On 18th April, Palantir released what many are labelling a manifesto on X, titled The Technological Republic. The post summarises Karp’s book of the same title into twenty-two key points, which include claims that Silicon Valley should be obligated to participate in the defense of the nation and a call for mandatory national conscription. The post also argues that some cultures are “worse, regressive and harmful” and, as such, pluralism should be rejected. Karp goes on to state how hard power based on software will be the key for free and democratic societies to prevail, and that AI, not atomic power, is what the new era of deterrence will be built on, fundamentally positioning Palantir as a key player in the new AI arms race.
However, it is not just states and private software companies that are participating in this race. There is growing concern regarding the proliferation of AI-integrated weapon systems into the hands of terrorists. Between 2018 and September 2024, more than 810 drone attacks were carried out by non-state actors. First-person vision (FPV) drones are increasingly being used to carry out drone strikes in West Africa.
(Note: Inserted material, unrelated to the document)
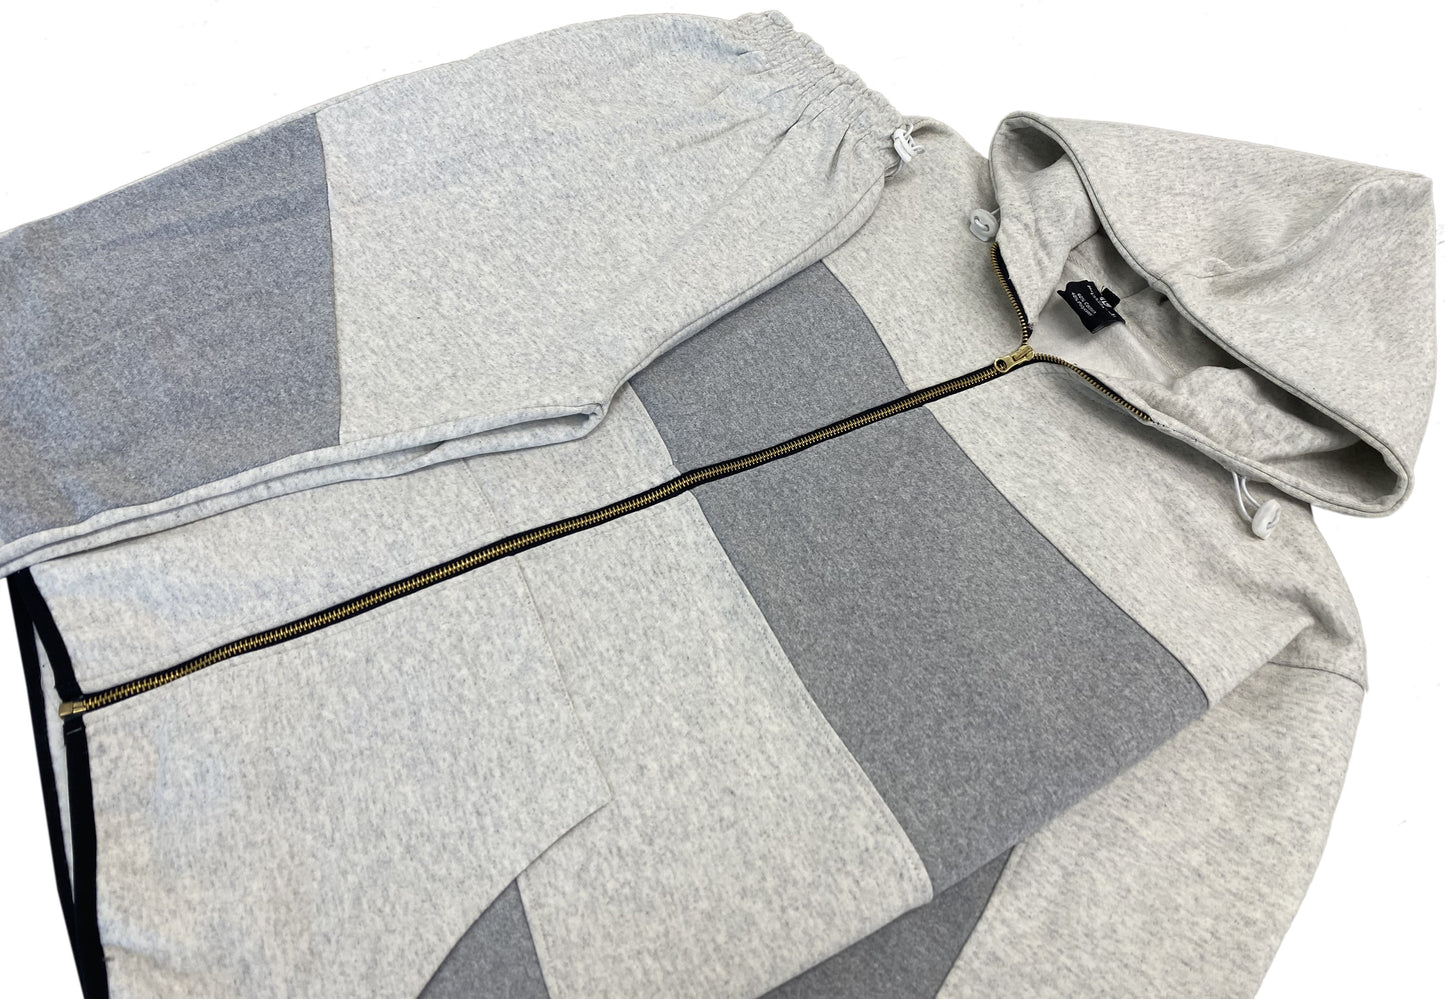 Royal Threads Canada Men’s Fashion hoodie Jogging Suit Premium quality Fleece Hoodie with matching fleece pants

An al-Qaeda affiliate in Burkina Faso and Mali has conducted at least 69 drone strikes since 2023, while two Islamic State affiliates have carried out at least 20 strikes, primarily in Nigeria.
In October 2023, a terrorist attack in Syria utilised explosive-laden drones to kill over 89 soldiers and civilians and wound at least 240 others. According to the 2026 Global Terrorism Index, the Revolutionary Armed Forces of Colombia (FARC) and the National Liberation Army (ELN) have adopted drone warfare, taking direct inspiration from innovation in Ukraine, with 77 attacks recorded between 2024 and 2025, killing 10 people and wounding over 134.
According to ACLED, while only 10 non-state armed groups had access to drone weaponry in 2010, 469 groups deployed drones in attacks in 2025 across 17 countries, with 58 groups doing so for the first time this year. The development of autonomous weapon systems risks this same democratisation. Drones are developing at a rapid rate, and the proliferation of advancing technologies into terrorists’ hands has been historically consistent, as they become more accessible and if these capabilities offer low barriers to entry. Paul Scharre, an autonomous weapons expert, believes that we are possibly entering a future where the “technology to build lethal autonomous weapons is available to not only nation-states but to individuals as well”.
There are historical precedents visible in the AI arms race. Private industry has long been intertwined with defense and advances in technology have consistently reshaped the conduct of war and the actors with the capabilities to partake in it. However, the pace and nature of AI integration presents a distinct challenge. Military capabilities are evolving faster than the legal and governance frameworks designed to regulate them, and the role of human judgement within these systems is becoming less certain. Whether humans will maintain meaningful oversight over weapon systems, or simply serve as a rubber stamp that approves automated decision-making, is becoming increasingly unclear as the AI arms race intensifies.